– Мой паспорт-то верни. Вы меня извините, если я на ты переходить буду.
– Давно пора, – в коридоре висел крючок, на нем куртка, в куртке паспорт, в нем – чужое имя. – Вот, забирай. Теперь пошел нахер отсюда. Охуеть, конечно, вы наглые.
– Почему наглые? Женя, я пришел забрать паспорт. Хватит строить из меня дьявола. Ты мне сказал, что хотел. Что ты принципиальный, что ты разобьешься об пол, но вот назло всем вокруг скажешь – нет, мне не нужно состояние всего за сорок минут.
Я почувствовал на себе другой взгляд, обернулся и увидел на входе в кухню Леру.
– Лера, ты чего встала? – спросил я.
– Да я воды попить хотела.
– Иди обратно, я принесу сейчас.
– Женя, а о чем он?
– Я потом расскажу. Иди, иди! – когда Лера заперлась в другой комнате, я сжал свои маленькие кулаки и показал их москвичу. – Ты, сука! Так нельзя же. Теперь перед женой меня выставляешь как… как…
– А вы давно женаты? – спросил Федя.
– Какая тебе нахрен разница?
– Просто поддержать разговор.
– Какой разговор?! – завопил я. – Ты вообще оборзел. Быстро поднялся и ушел!

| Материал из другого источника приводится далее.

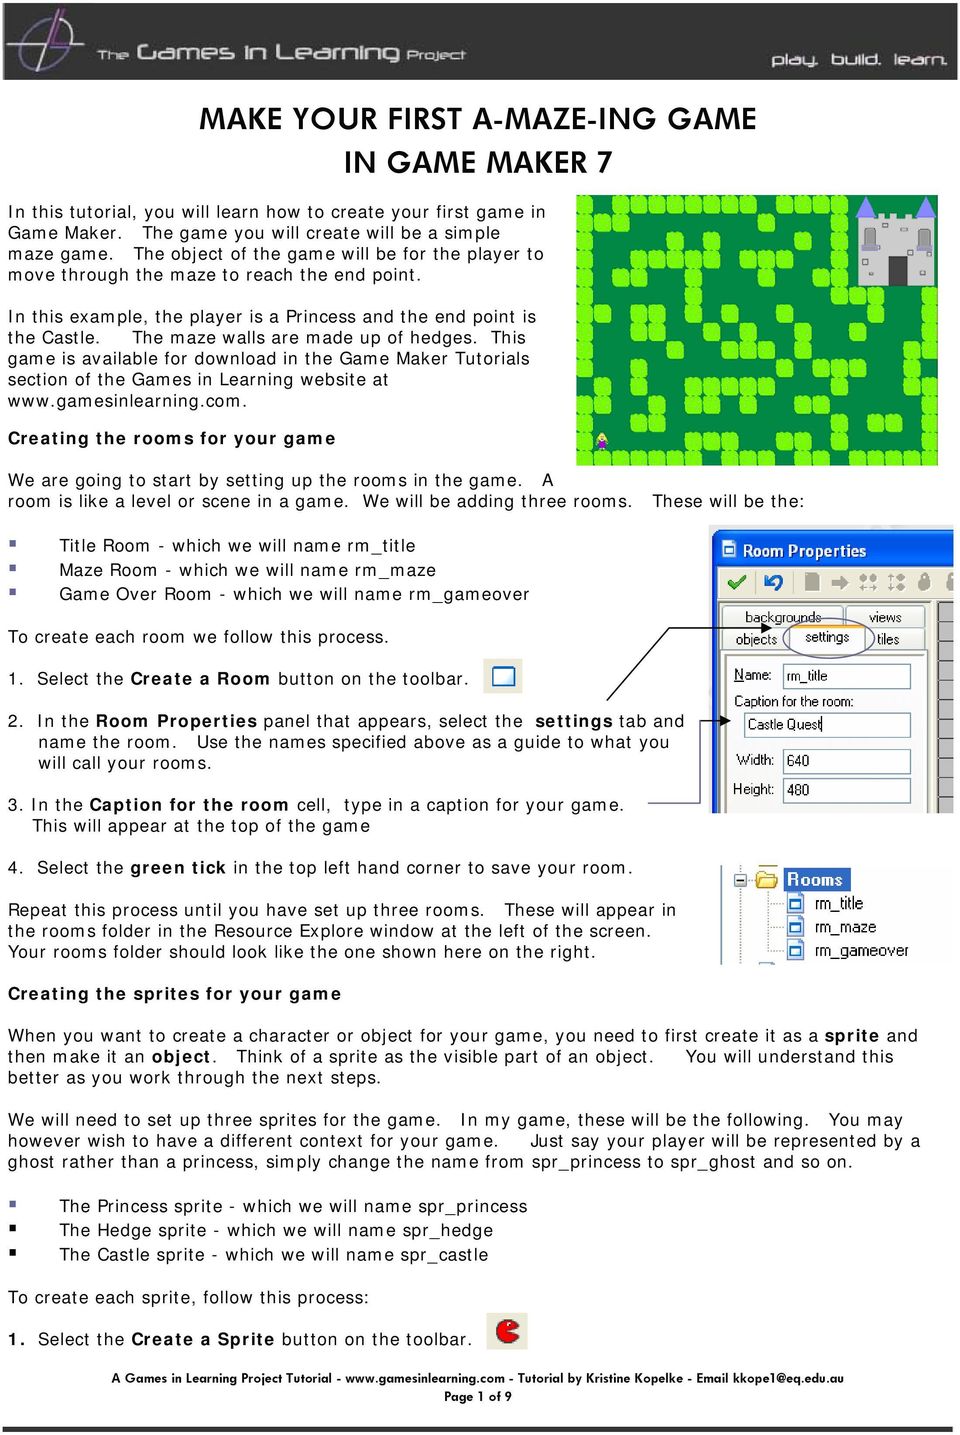 The maze walls are made up of hedges. This game is available for download in the Game Maker Tutorials section of the Games in Learning website at www.gamesinlearning.com.

– Жень, не поднимайте на меня голос. Я ничего плохого не сделал. Вот сейчас уйду. Ты мне только скажи – почему нет?
– В смысле?
– В прямом. Со всеми «за» и «против», что тебе мешает согласиться? Разве «Год Крысы» – плохая группа? Я вот Я вот месяц или два слушаю на репите и чувствую, сколько… радости ты испытываешь за своих героев. Какими бы они ни были, они для тебя как дети. И к битам тоже. Например, когда панорама у бочки меняется, или этот стереоэффект…
– Это не стерео, – мне захотелось прояснить. – Ну, как бы стерео, но он такой, хэндмэйд. С двух устройств в разные каналы записываю, из-за этого и возникает такая панорама.
– Я не вижу причины тебе ненавидеть «Год Крысы». Для тысяч других – это стало бы настоящим праздником – еще раз прийти на концерт группы, которая перевернула кому-то взгляд на жизнь; под которую ебались в юности; с которой писали конспекты в общаге; которую ставят на диджей-сетах без боязни услышать нелестное в свой адрес – пусть высосут. Тогда что не так? Что я от бренда приехал? Так это же наоборот лучше. Я здесь десять минут, и прекрасно понимаю, что тебе нужны деньги. Мы могли бы позвать кого угодно другого, более популярного, более известного, медийного. Но мы этого не сделали. Потому что нам – да, Женя, нам – хочется, чтобы это были именно вы. Мы видим это так.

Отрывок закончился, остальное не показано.